* **Prompt**
Output the listing word for word, minus images.

* **Recorded data**
━━━━━━━━
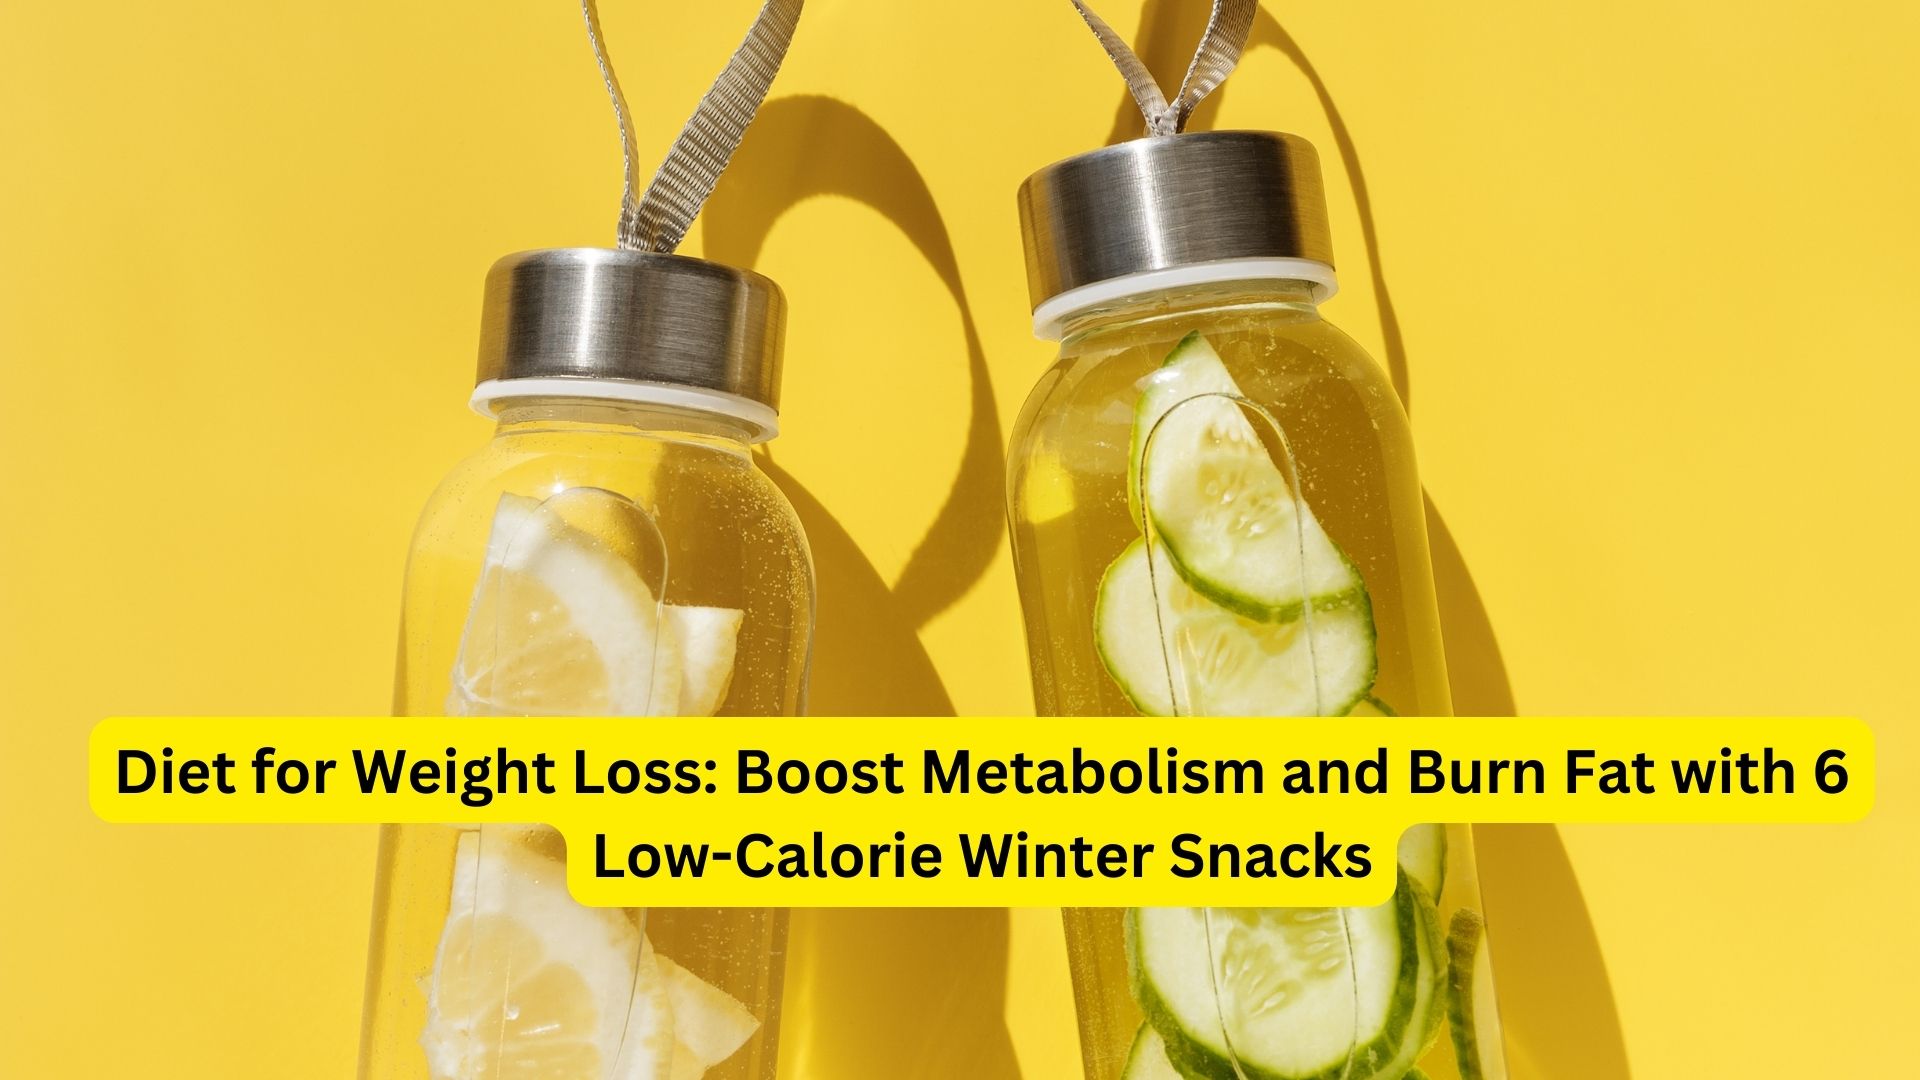 Diet for Weight Loss: Boost Metabolism and Burn Fat with 6 Low-Calorie Winter Snacks
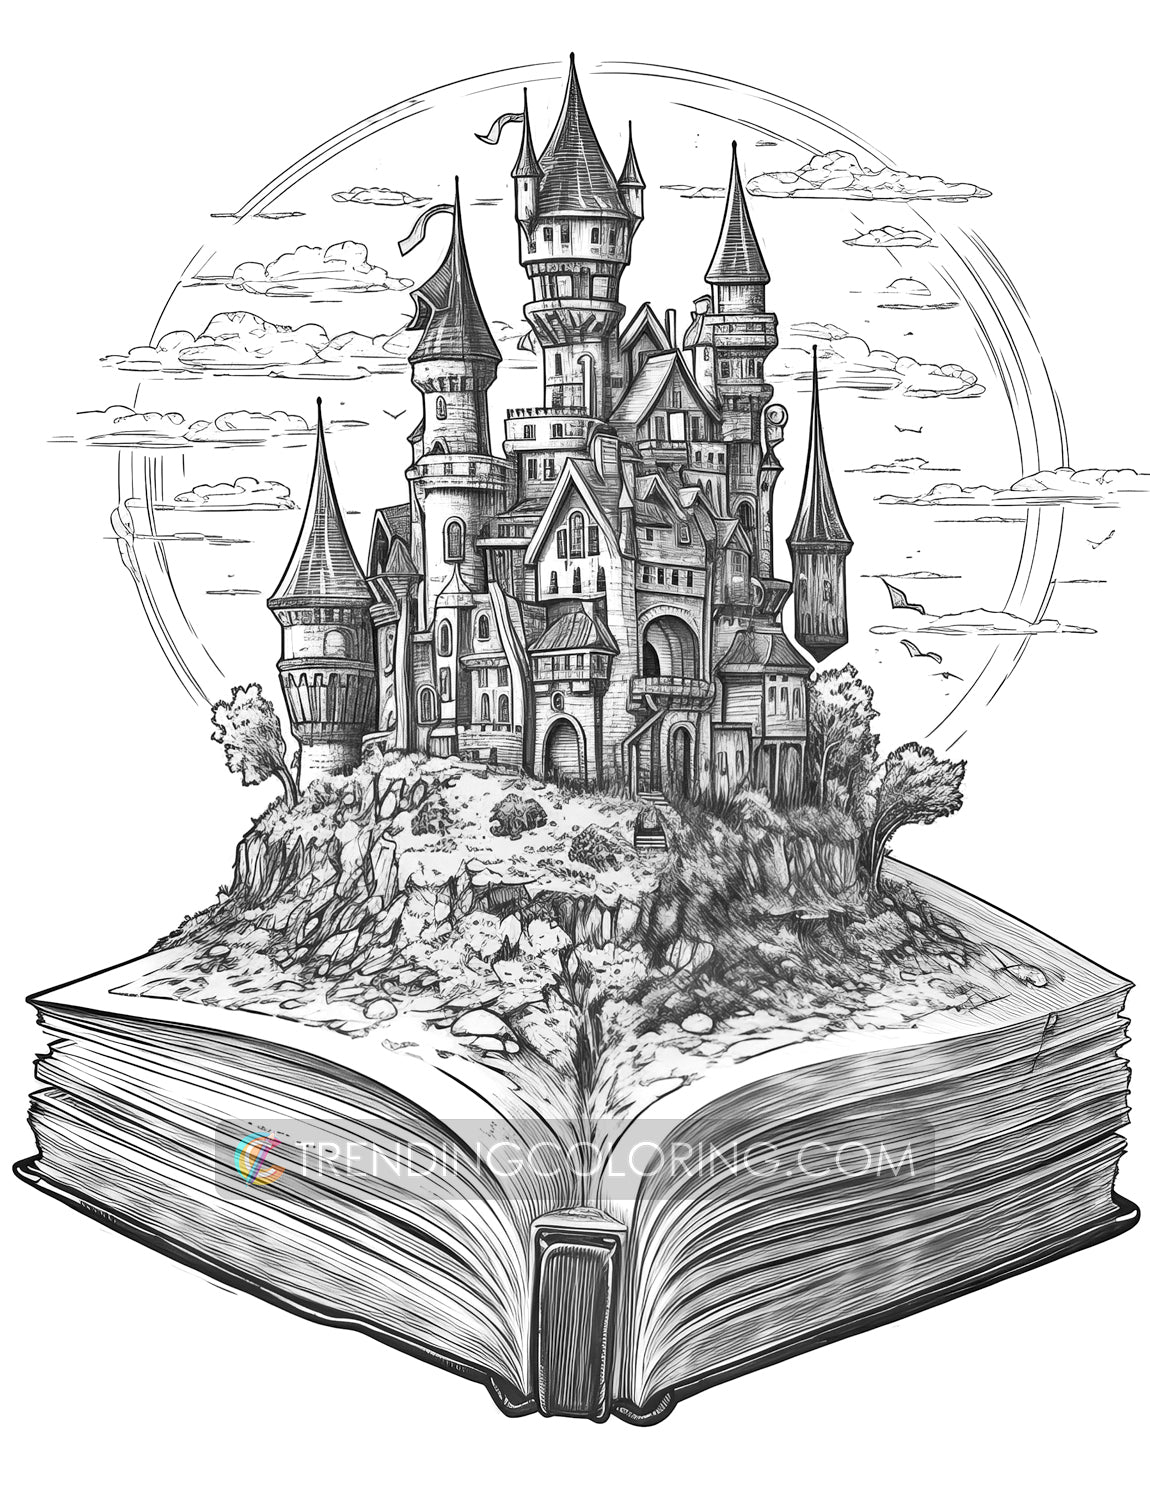 25 Open Magic Book Grayscale Coloring Pages - Instant Download - Printable PDF Dark/Light
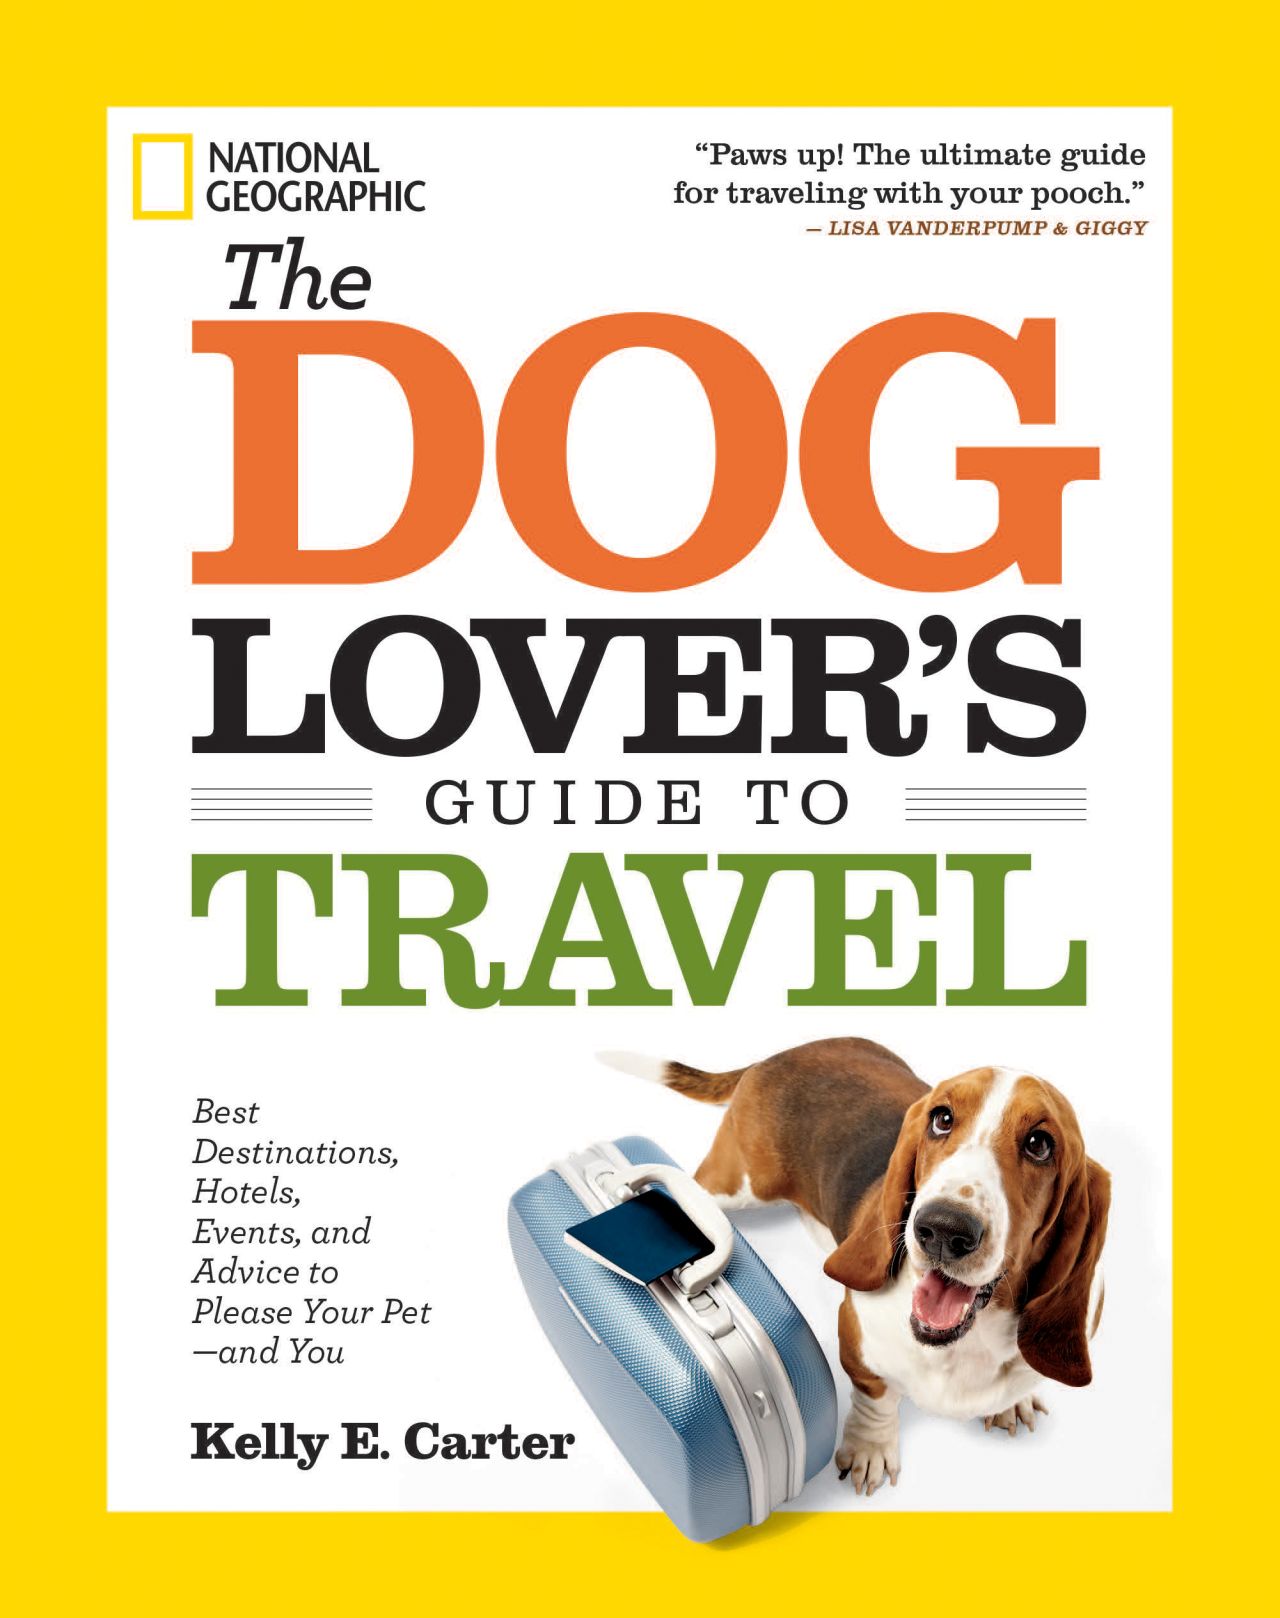 Did you know your pooch should wear sunscreen at the beach? "The Dog Lover's Guide to Travel" covers everything about canine travel.
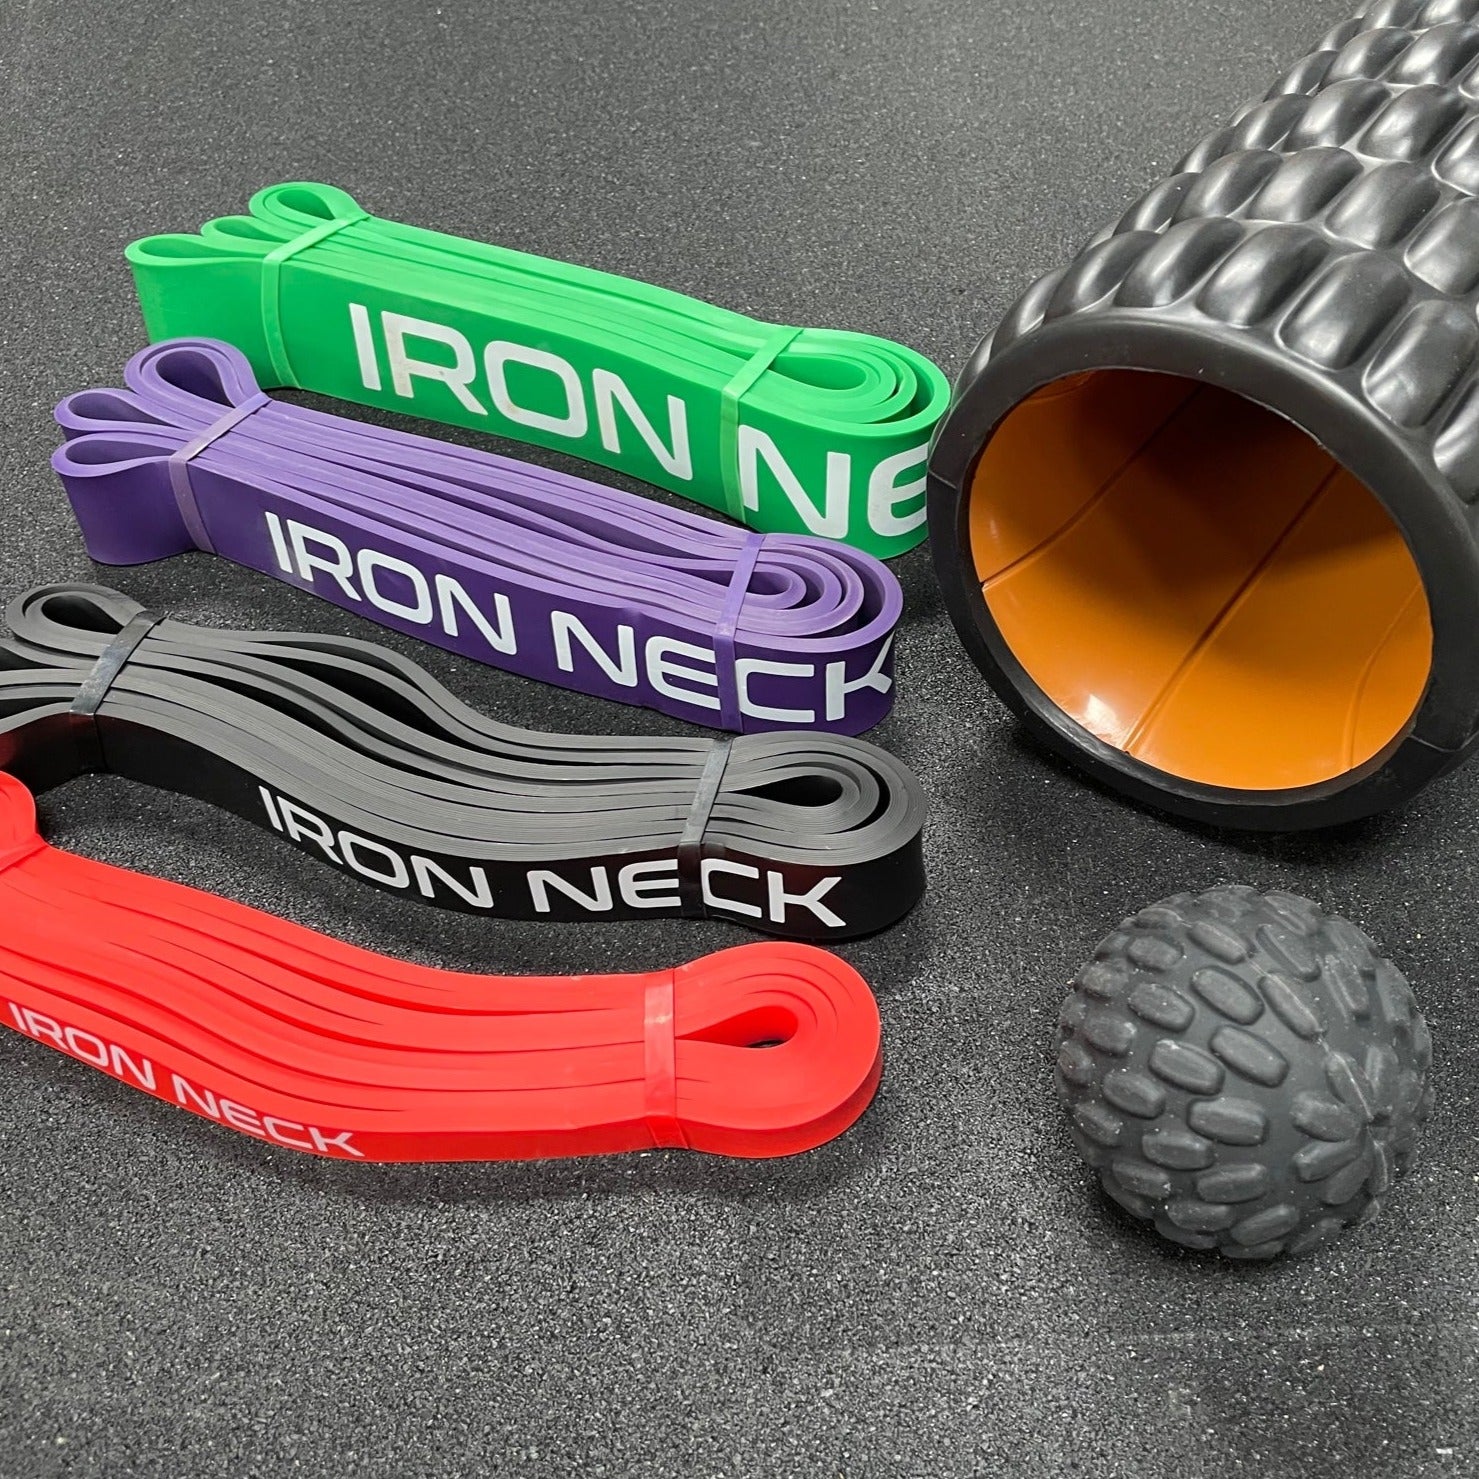 Foam Roller, Trigger Point Ball and Resistance bands
━━━━━━━━
* **Expected answer**
 Diet for Weight Loss: Boost Metabolism and Burn Fat with 6 Low-Calorie Winter Snacks
 25 Open Magic Book Grayscale Coloring Pages - Instant Download - Printable PDF Dark/Light
 Did you know your pooch should wear sunscreen at the beach? "The Dog Lover's Guide to Travel" covers everything about canine travel.
 Foam Roller, Trigger Point Ball and Resistance bands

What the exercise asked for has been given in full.